→ WHAT THE EXERCISE ASKS: Reproduce the whole listing that follows, character for character, and drop the images.

═════ INPUT DATA

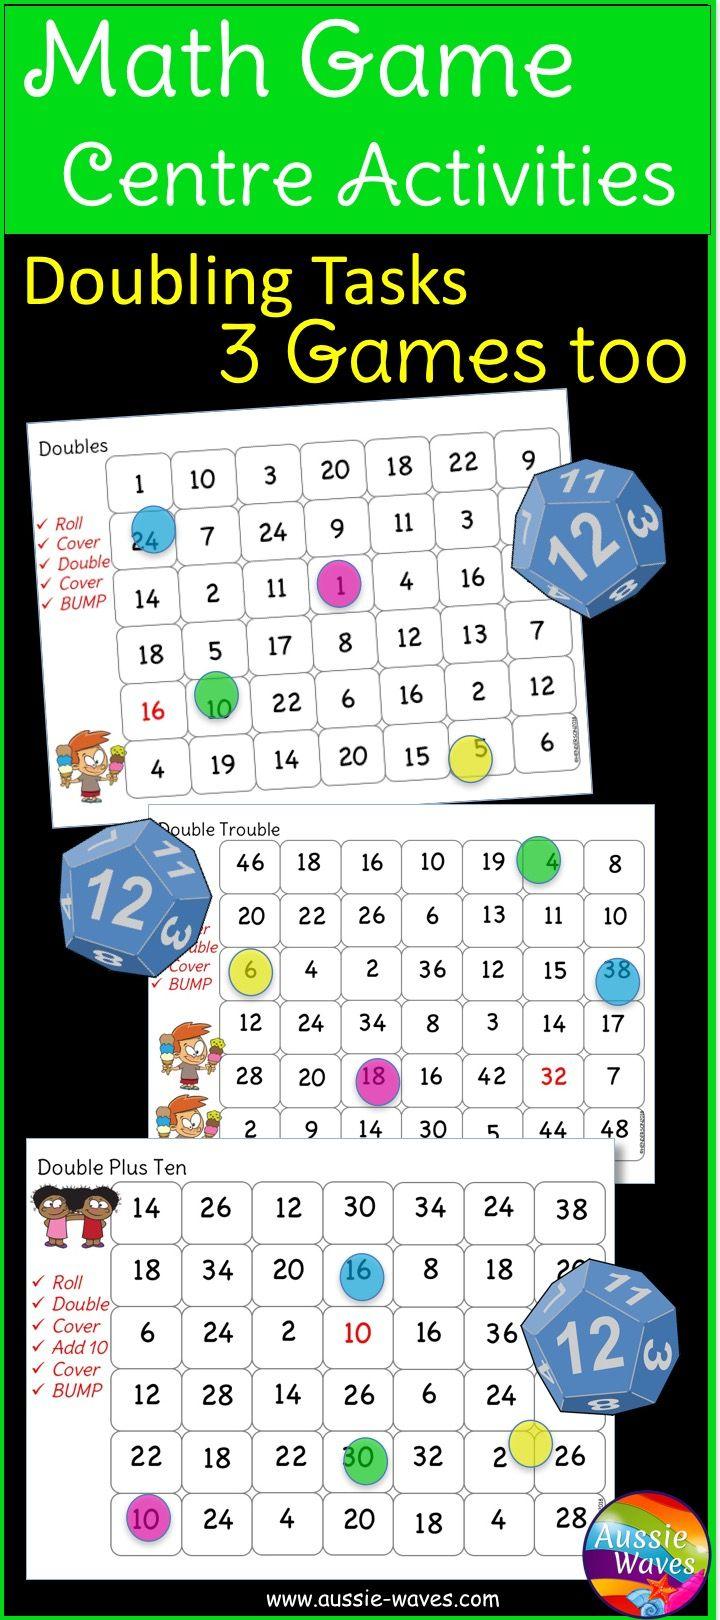 Best 15 Addition Worksheets You Calendars Https Www Youcalendars Com Addition Worksheets Html Math Addition Games Printable Math Games Math Games
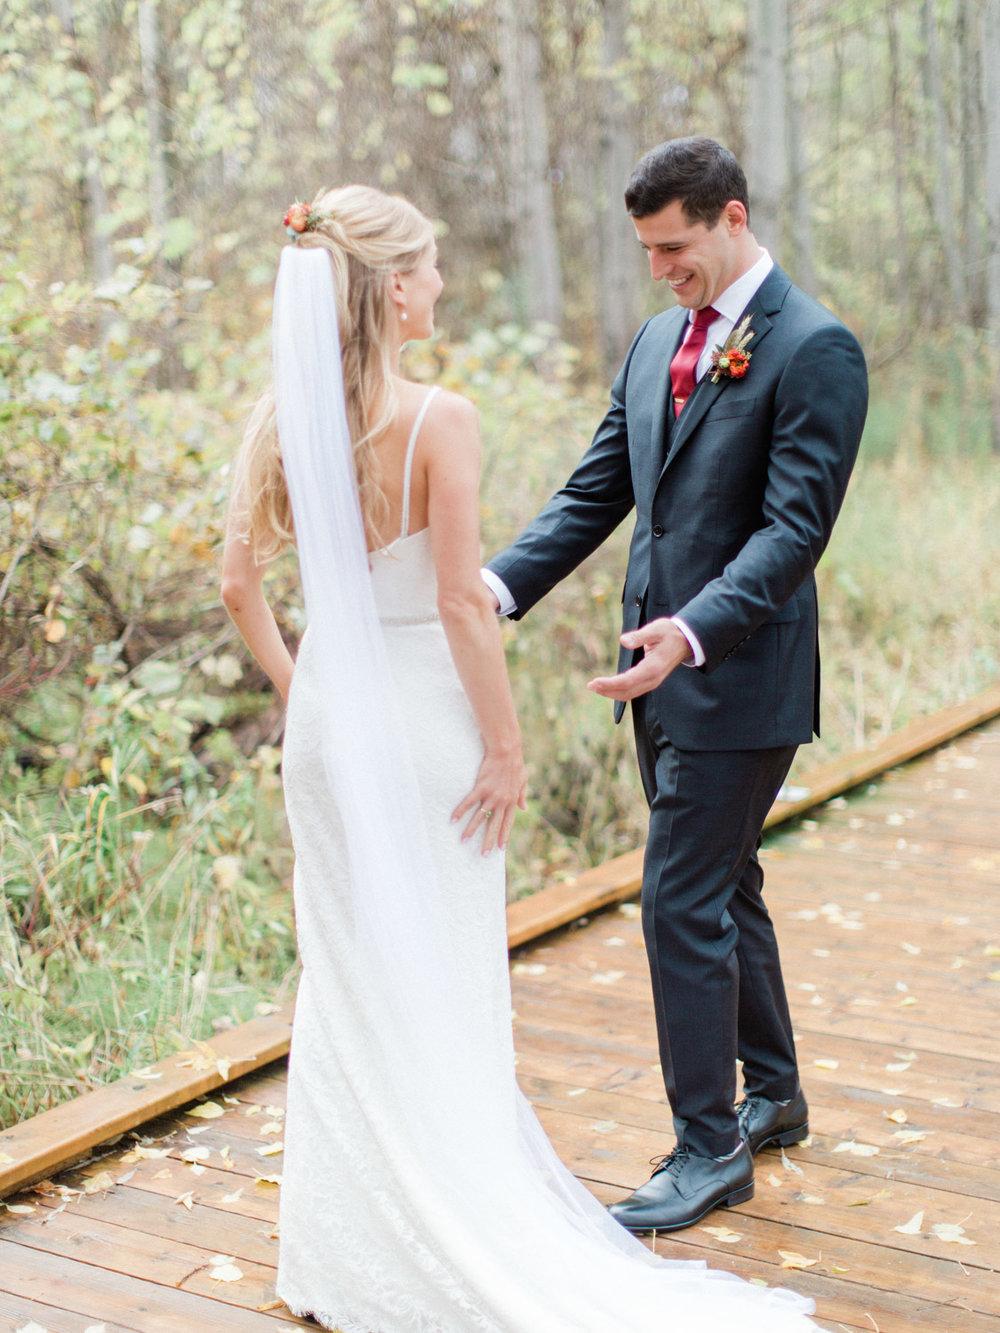 Toronto-Collingwood-Muskoka-Wedding-photographer-planning-first-look6.jpg
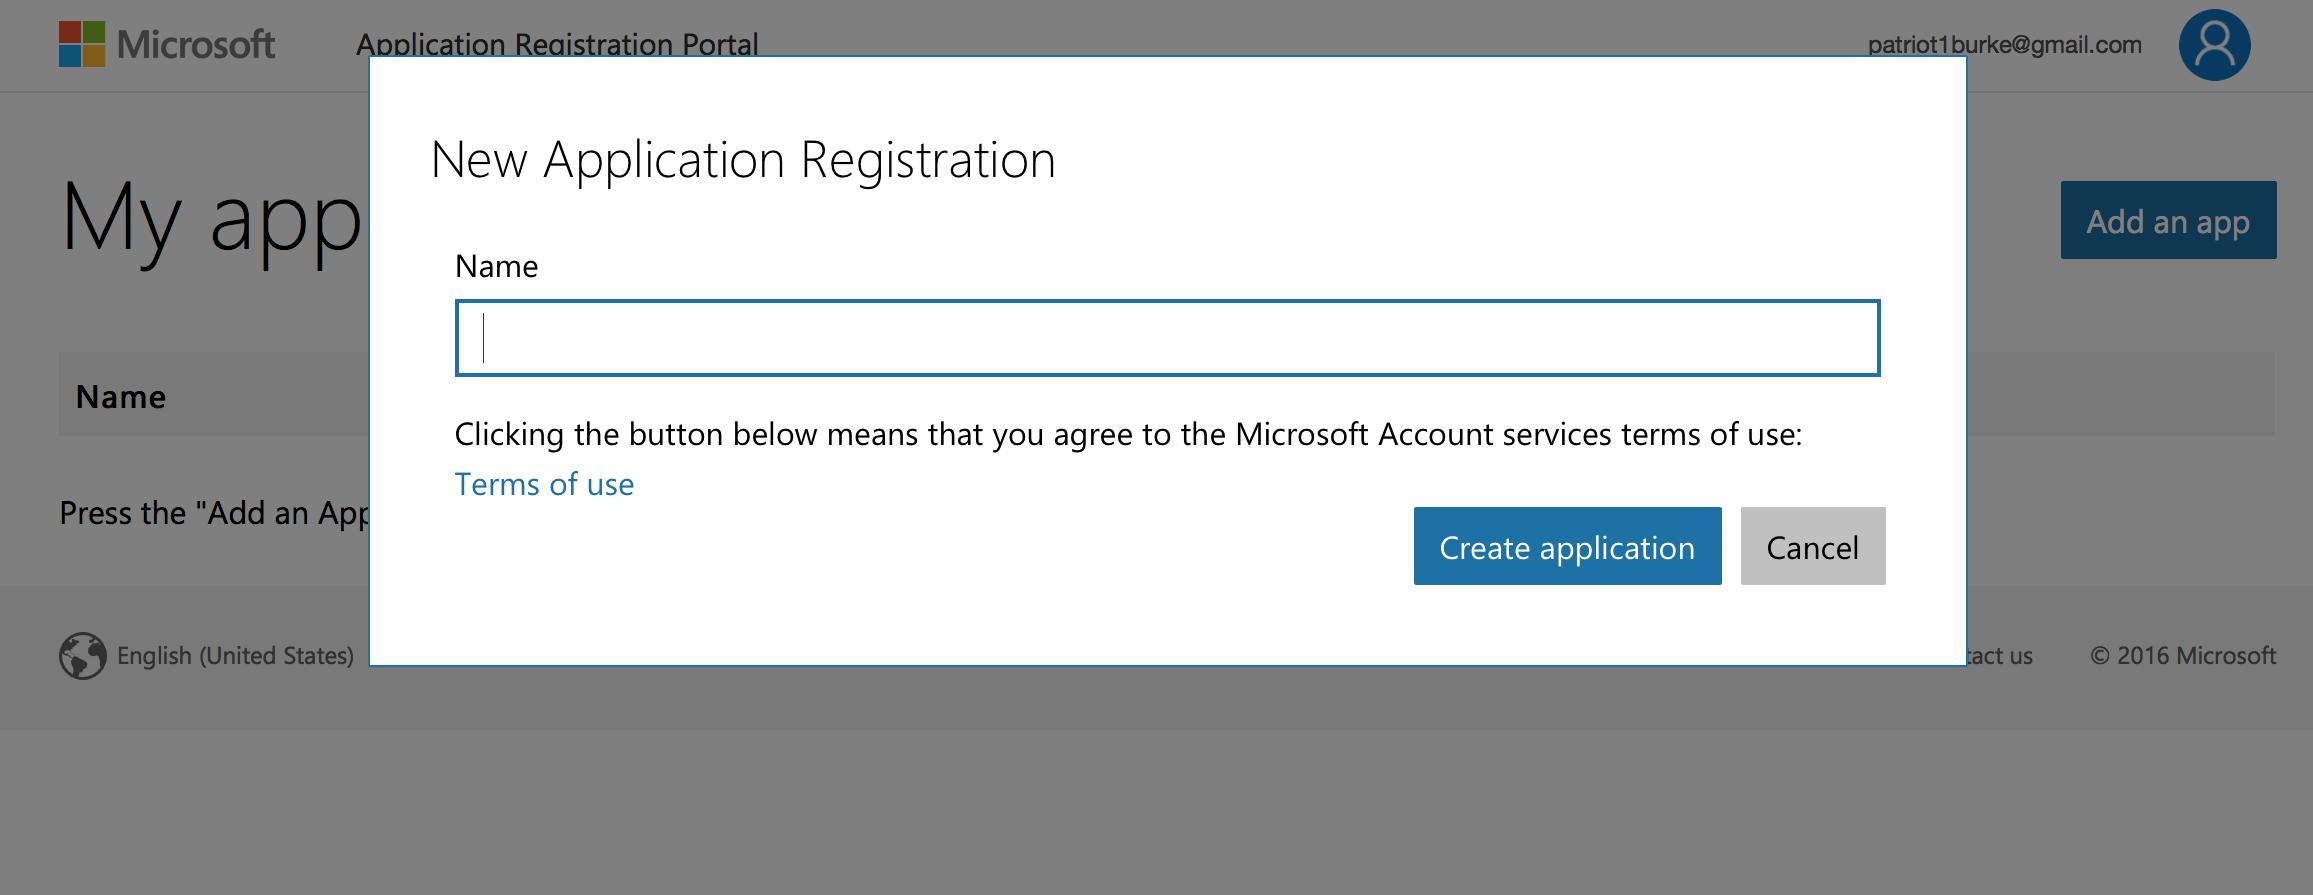 microsoft app register
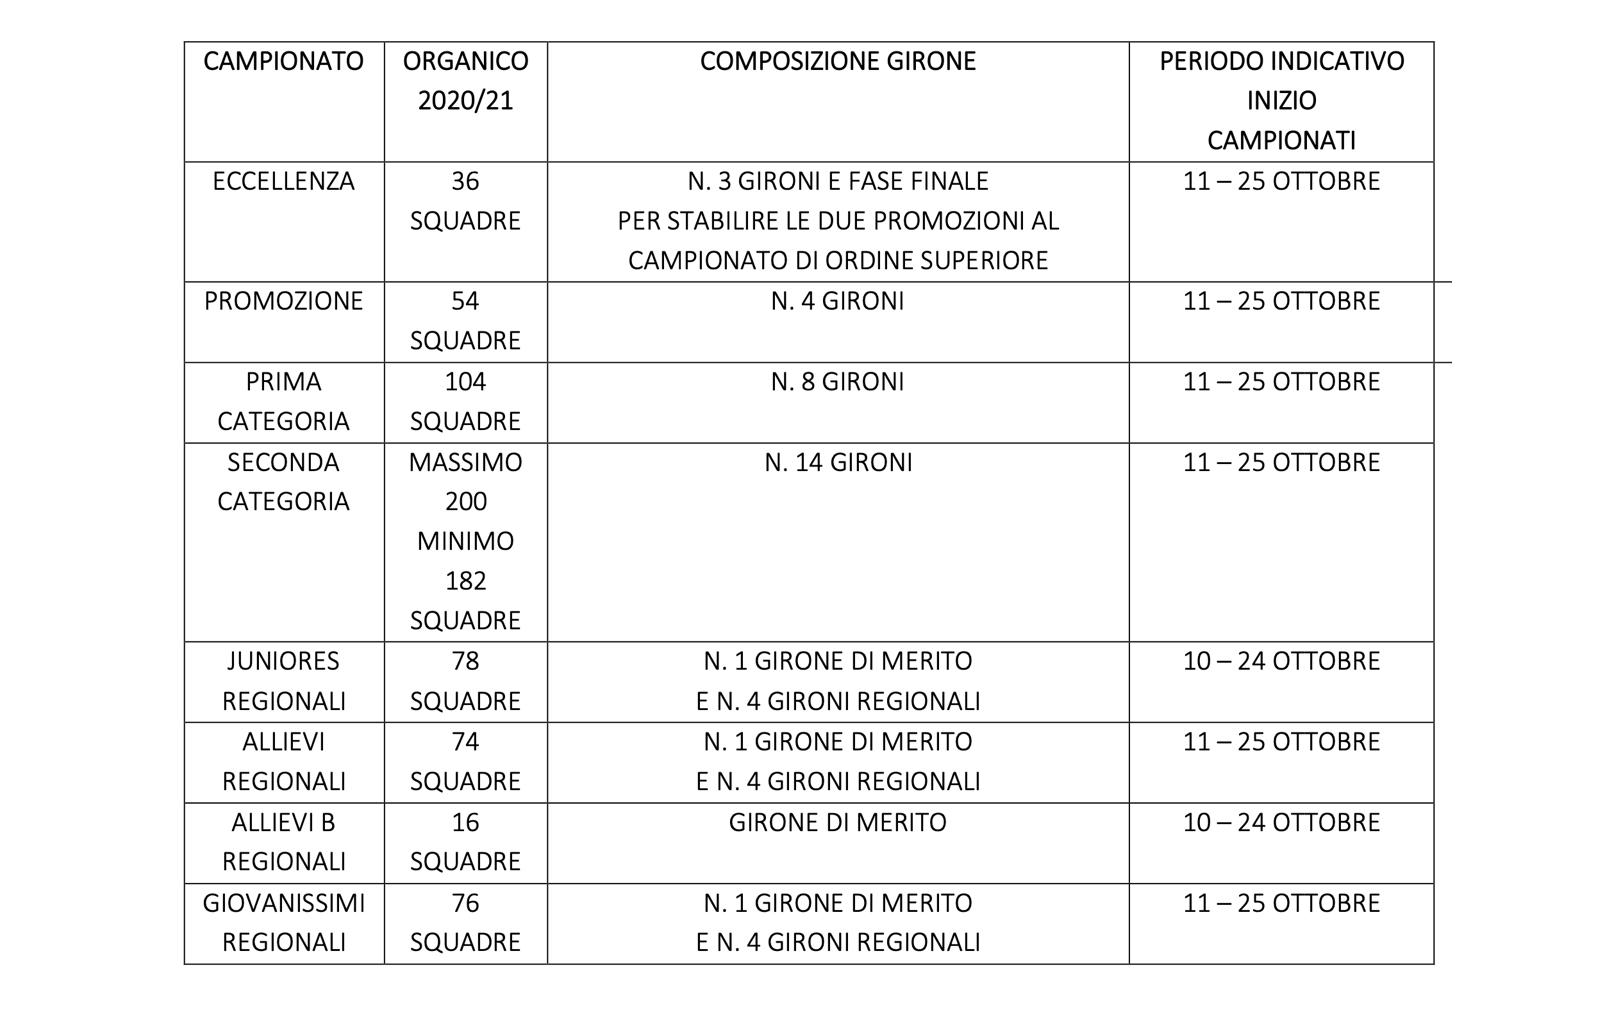 Dilettanti_format_campionati_2020_2021-2

══════════

→ OUTPUT FOR THIS TASK:
 Best 15 Addition Worksheets You Calendars Https Www Youcalendars Com Addition Worksheets Html Math Addition Games Printable Math Games Math Games
 Toronto-Collingwood-Muskoka-Wedding-photographer-planning-first-look6.jpg
 microsoft app register
 Dilettanti_format_campionati_2020_2021-2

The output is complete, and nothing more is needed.